How To Prepare Tax Return For Real Estate Agent

Learn how to prepare tax return for real estate agents with some simple tips. First understand that all real estate agents must prepare tax returns if there is income of $400 or more during the tax year. A real estate agent is considered to be self-employed and must prepare tax returns and pay social security also. Since the real estate agent has no tax taken out of the commission check, the agent is responsible for all taxes owed.

  1. Filing Online or Through a Local Tax Preparer.  The first step in preparing a tax return for real estate agent is to choose which method of filing is best. There are many online services that offer step by step guidance for a fee and then the IRS has an E-File service that is free if the taxpayer fits into their guidelines. The E-File can not be used if the individual lives overseas. There is a huge debate about whether a CPA can offer better guidance than a tax preparer. This is a decision an individual must make on his own.
  2. Choosing Which Form to Use. The real estate agent can file a 1040, 1040A or 1040EZ form. Depending on the deductions being taken, the real estate agent will usually choose the 1040 as all agents have deductions. These deductions could be business cards, signs, gasoline, gifts for clients, etc.
  3. Basic information on the Form. The first information on the income tax form is the name of the real estate agent and spouse. The individual must also fill in the social security number, number of dependents and the home address.
  4. Deductions. One of the largest tasks for the real estate agent is to figure in all the deductions from the year that are legal. A home office is one of the red flags that may trigger an audit, so in many cases a home office will be avoided. There are many other deductions that are allowed and are reasonable, such as: car expenses, mileage, stationery, office expenses, Board of Realtor fees, state fees or requirements, gifts to clients at the close of the sale, bank fees, credit card expenses pertaining to the business, meals and travel expenses pertaining to the business.
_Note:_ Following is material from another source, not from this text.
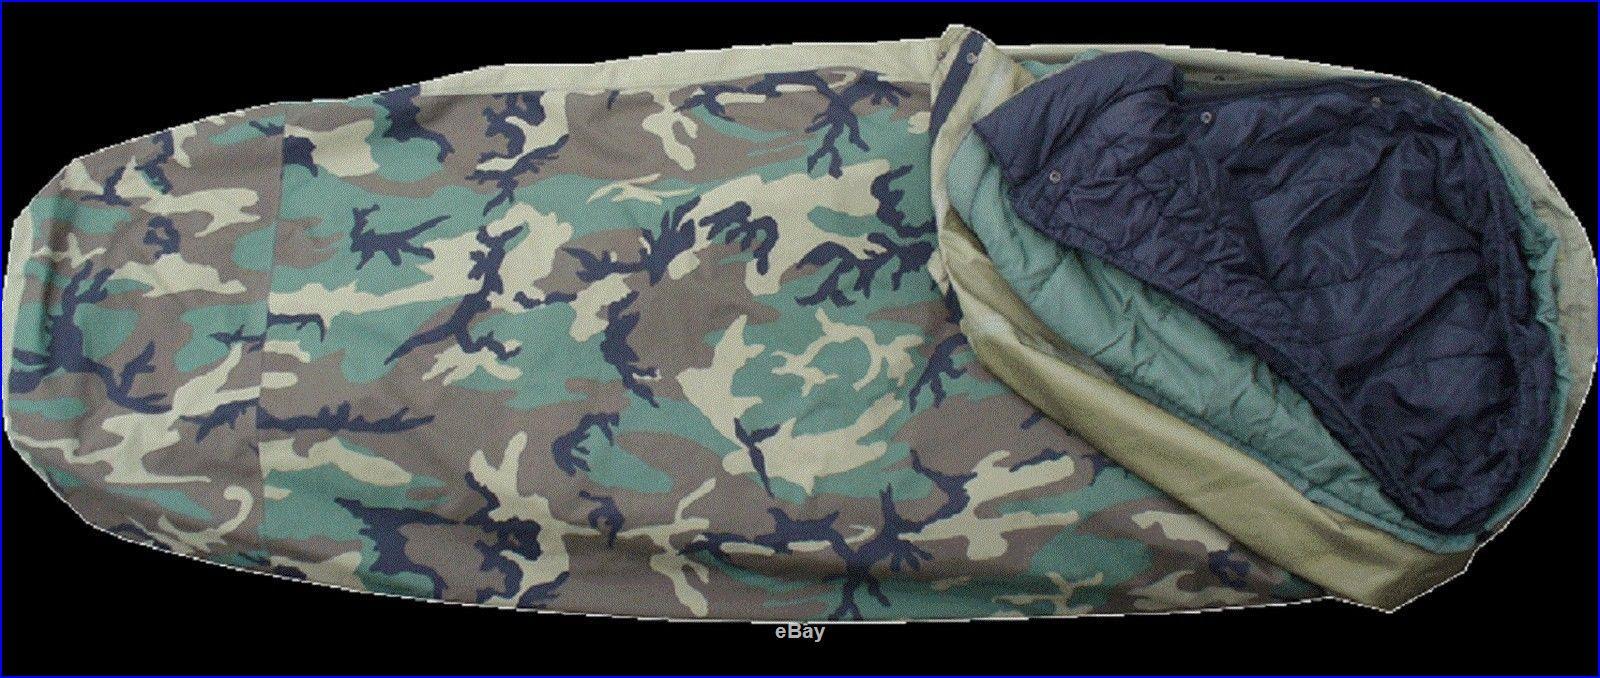 Modular Sleep System Sleeping Bags Military USMC Army

  5. Self-Employment Taxes. Once the deduction are taken and subtracted from the income, the net income is achieved. Self-employment taxes are paid on the net income at a rate of 15.3% (social security and Medicare). This is usually the largest expense for sole proprietors.
  6. Credits Added in. The real estate agent can also use their credits towards the final amount owed such as child care, education and earned income credit. Both the online services and CPA's can aid in the rules and regulations for these credits. Charity donations are deductible also along with receipts from authorized corporations and companies approved by the IRS.
  7. Final Calculations.  After the deductions are taken, the self-employment tax is figured and all the credits are calculated, a net income can be arrived at.  The federal tax owed is figured once the personal exemptions are calculated. The personal exemptions will include the spouse (if filing jointly) and all the dependents. 
  8. Estimated Taxes. Should the real estate agent owe more than $1000, estimated taxes must be paid during the year. Estimated taxes must be paid four times a year on: April 15th, June 15th, September 15th and January 15th of the following year. The estimated tax is mailed in along with form 1040-ES with a cashier check made out to the IRS and your social security number noted on the check and form.
  9. The Tax Owed. The final amount owed to the IRS can be sent by mail or deducted from a bank account. Should the agent be unable to pay the amount owed, there are financing programs. These programs set up by the IRS are high in interest and penalties, so in many cases it is better to put the tax owed on a credit card.